文秀要送我们回家,两个大老爷们当然很不愿意。我爸一个劲儿地推托,结果就推托出文秀一句,“您跟我还见外么?”
话一说完,两个人耳根子都红了。
我爸不大利索地解释,“不是见外,是我们那个胡同啊……”
“直接开过去我们都认不出来。”歇了吧爸,还是儿子我上吧。
文秀笑起来真的很爽朗,“也对,你们父子都是路痴。”
“我不是路痴,我是遗传我爸。再说按理也该男人送女人回家。”
“好吧。”事情就这么定了。
把文秀送进宾馆,我借口抽烟,在外等着。我爸送她上楼,果然很快就下来了。
我和我爸就着路灯和月光向家走。
走到巷子口,我爸问,“你觉得文秀怎么样?”
“跟你挺好的。”
我爸“哦。”
又走。
我爸又问,“你喜欢她么?”
“不喜欢。”我对天吹了个口哨,“她只跟你说话,都不顾着我,我怕她跟我抢你。”
“你这孩子!”
“真不比不知道,以前也没觉得我哥有多好,现在倒一下子觉得和他吃饭最舒服,不但付钱,而且他从来不把我干晾那哈儿。”
“小宇———确实很擅长应酬,和什么人都谈得来。”
“是啊,哈哈。钥匙呢?您提着,我开门。”
我推开门,客厅的灯亮着,我哥为了搞出艺术气息,把一扇墙都换成玻璃的,组合沙发上露出一点黑漆漆的头发,电视正播着我哥最待见的广告,估计他睡沙发上了。
我蹑走蹑脚走过去,突然扑到沙发上,大喝一声,“嘿”
我哥一个激灵张开眼,不耐烦道,“干什么?”接着蜷起腿,缩成一团。
老实说,他那一米八几的个子,就算长得细手细脚,蜷起来也是一大坨,丝毫没有柔弱的美感。我拨拉他,“咋了?”
“胃疼。”
我爸也走过来了,“吃药了么?”
我觉得我哥立刻就由不耐烦变得很耐烦,立刻就由一大坨变得很柔弱了。
“没吃。”而且还似模似样地蹙蹙眉,又蜷了一蜷。
“你这孩子。”我爸站起来去取药取水,侍候我哥吃药。
我拉了几个垫子坐在沙发对面的茶几旁边,“哥,那这个你肯定吃不了了,我就不客气了啊。’
我哥眼底冷光闪烁。
我爸低声道,“去那边吃去,一会儿你哥闻了犯恶心。”
我端起食品盒子,“爸,你这会儿是不是已经早把文秀阿姨忘脑后去了?”
我爸错怔,我哥瞪我。我继续不招待见,“不是说到家给她回电话的么?”
我哥一听,那一肚子酸水又开始咕咕往外冒,“呵,还真是重温七十年代啊。”
我爸低声道,“就是言语一声,你想多了。明明,去淘点米,给你哥煮粥。”
我哥牛脾气也犯了,“喝他煮的粥,我宁愿进医院。你要不愿意动手,也别忙活了。”
我爸为人就是善良,“让他先把水做上,我打个电话就给你熬。”
就是善良得不大是地方,我看我哥脸上那醋黑气又厚了一层。
给我哥熬了粥,再喂他吃了,伺候他睡了,我爸也乏了,又有点儿偏头疼,睡前吃了一颗安定。
我看着夜深人静,偷溜进我哥的卧房。
我哥警觉地打开床头灯,顺手一拧,明晃晃的灯光正剌在我眼睛上。
我用胳膊挡着,“是我。”
“干什么?”
“哥,”我在门口站定,“你忒不是个东西,二十好几的人了瞎作,折腾我爸给你收拾烂摊子。你知不知道他多久没吃过安定了。”

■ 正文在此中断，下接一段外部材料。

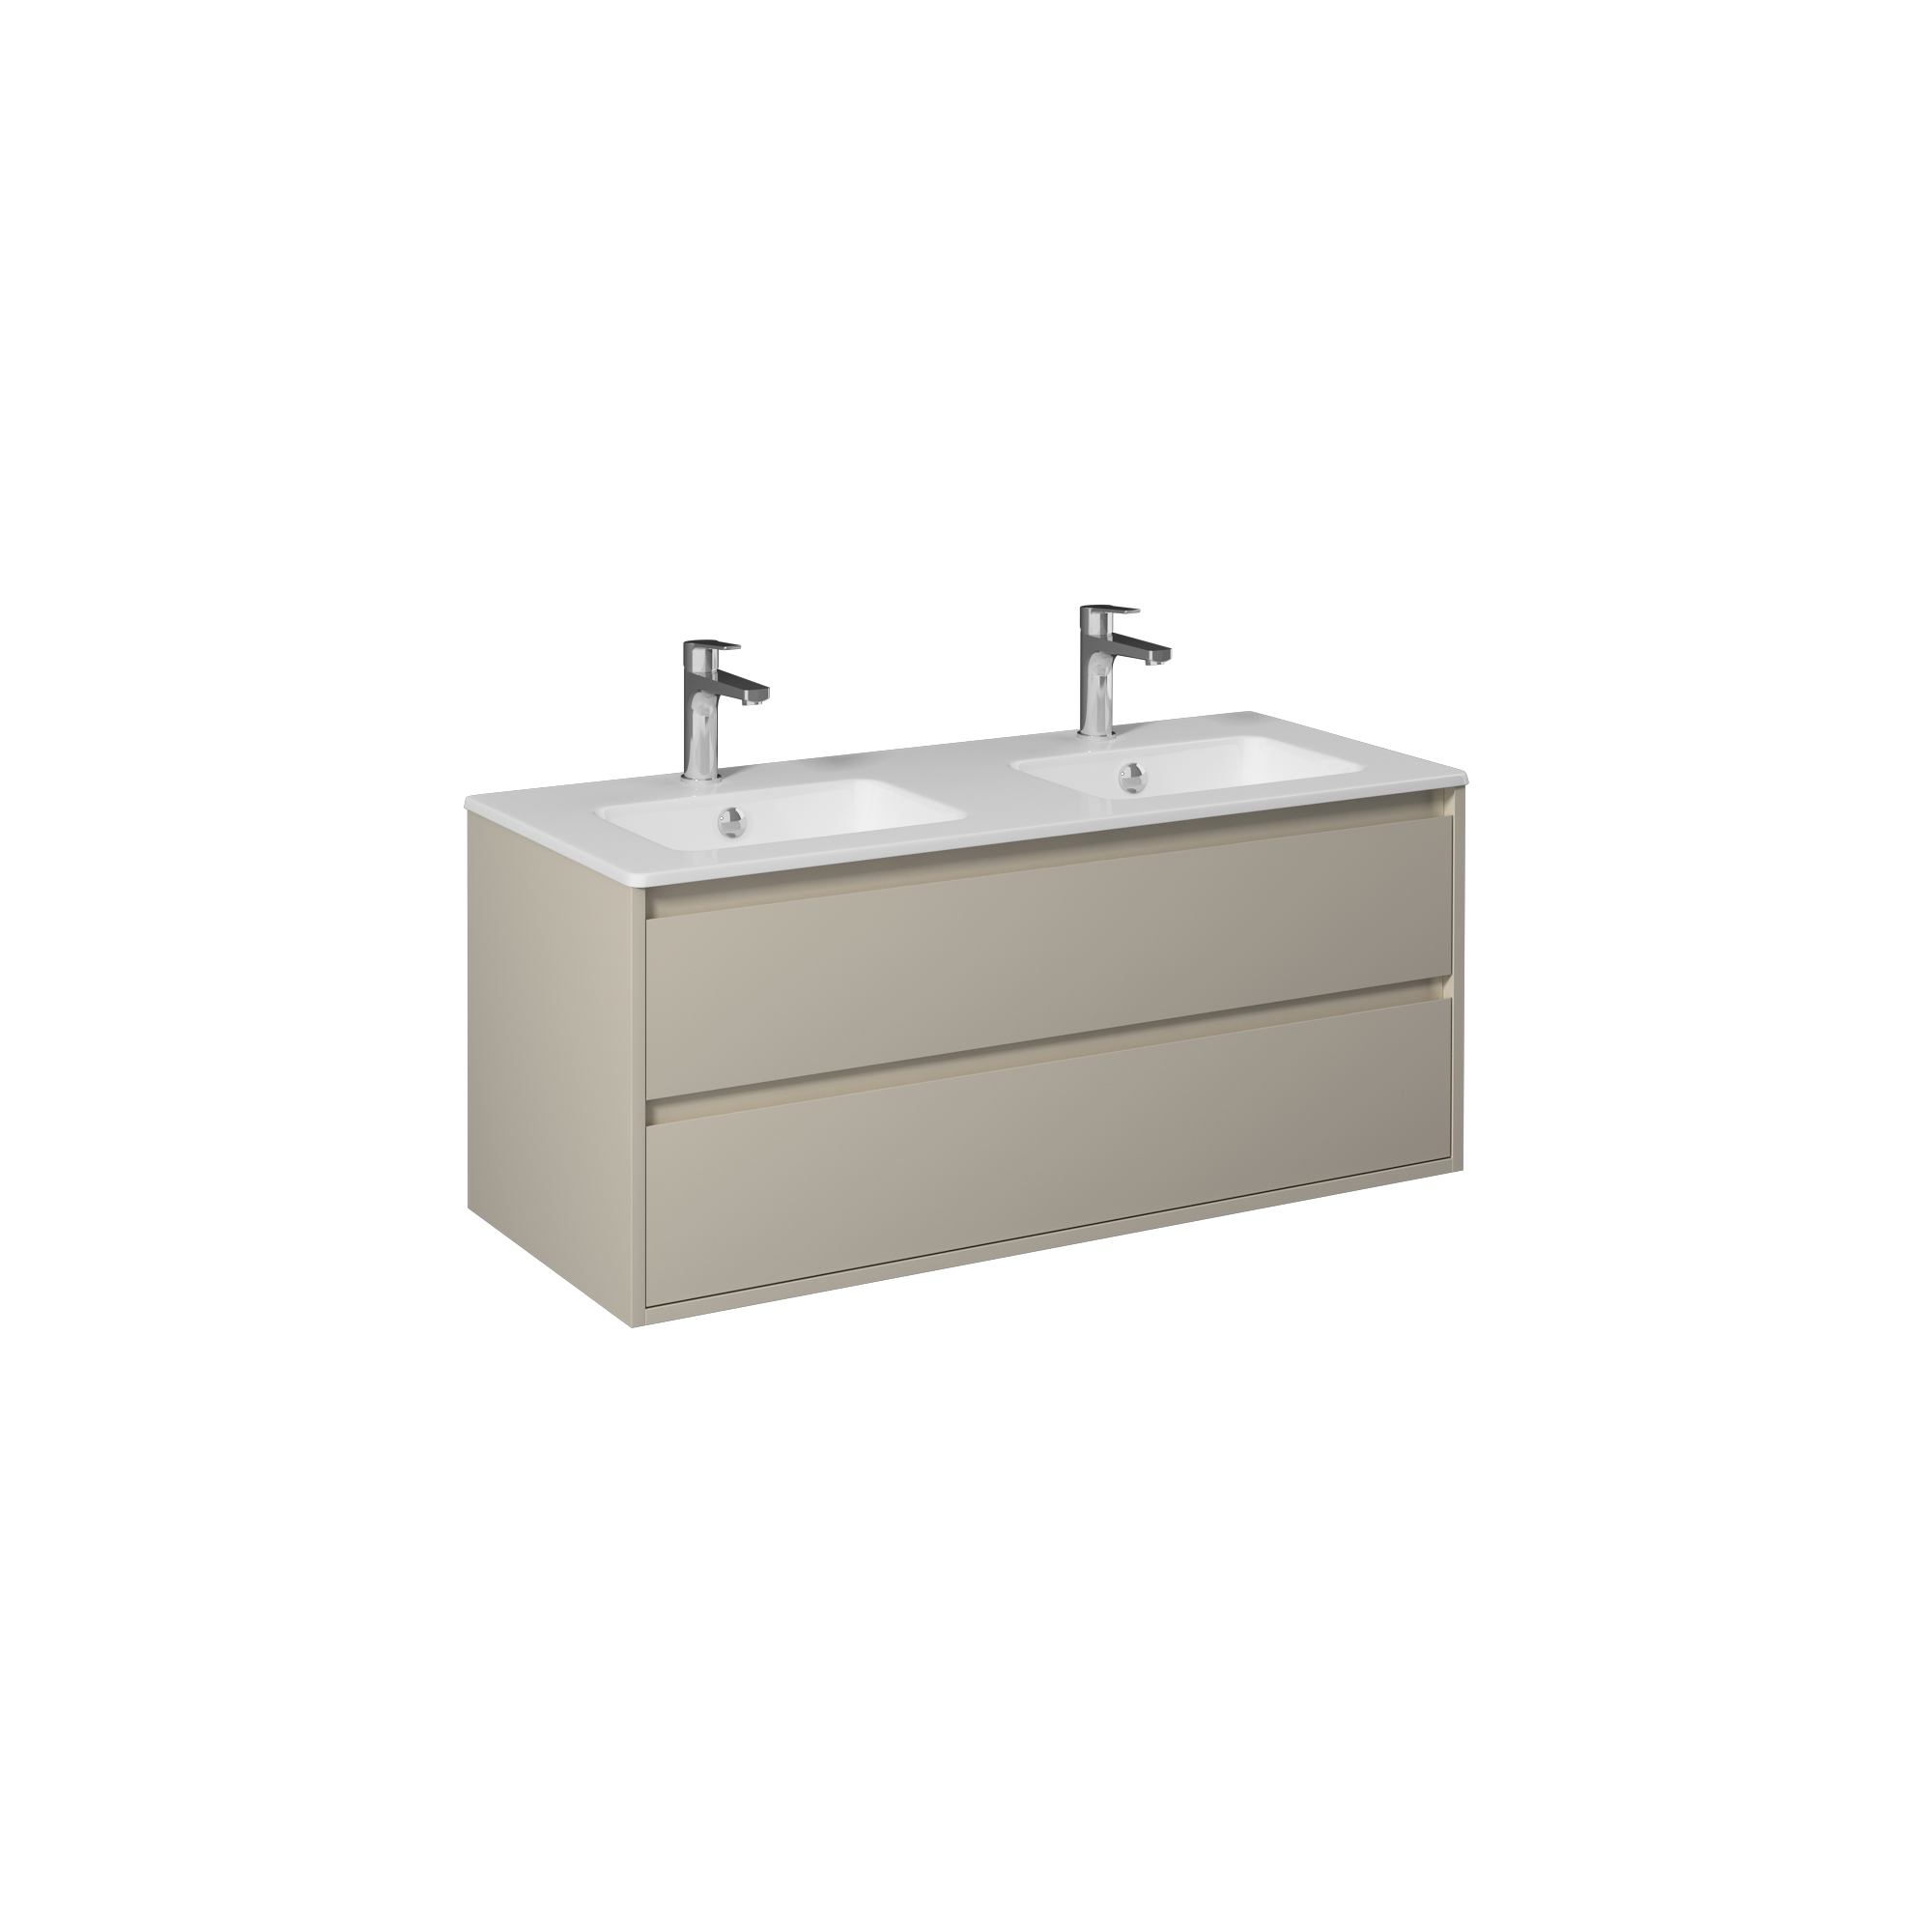 Pro Cabinet Washbasin Cabinet, Sand Beige Lacquer Double Drawer 47"

“我知道。”我哥摸出一支烟,“明明,难道你想让我把我和你爸的事嚷嚷得天下皆知么?”
“反正你今天这招下三滥。”
“我确实是赌气,故意饿着自己。”我哥吐出一个深蓝的烟圈,“知道我一个人躺在沙发上想什么?我想,夏明宇,你活该,你就是一个没人管没人要的,而且你是一个涎着脸纠缠男人的死变态。你好好记着,你现在有多疼,就说明你有多贱,你盼的人正跟某个女人郎情妾意谈笑风声呢,你嫉妒,但你连见都不敢见,为什么呢?因为你就是阴沟里的老鼠,犄角旮旯里的臭虫,连你自己都觉得自己恶心。”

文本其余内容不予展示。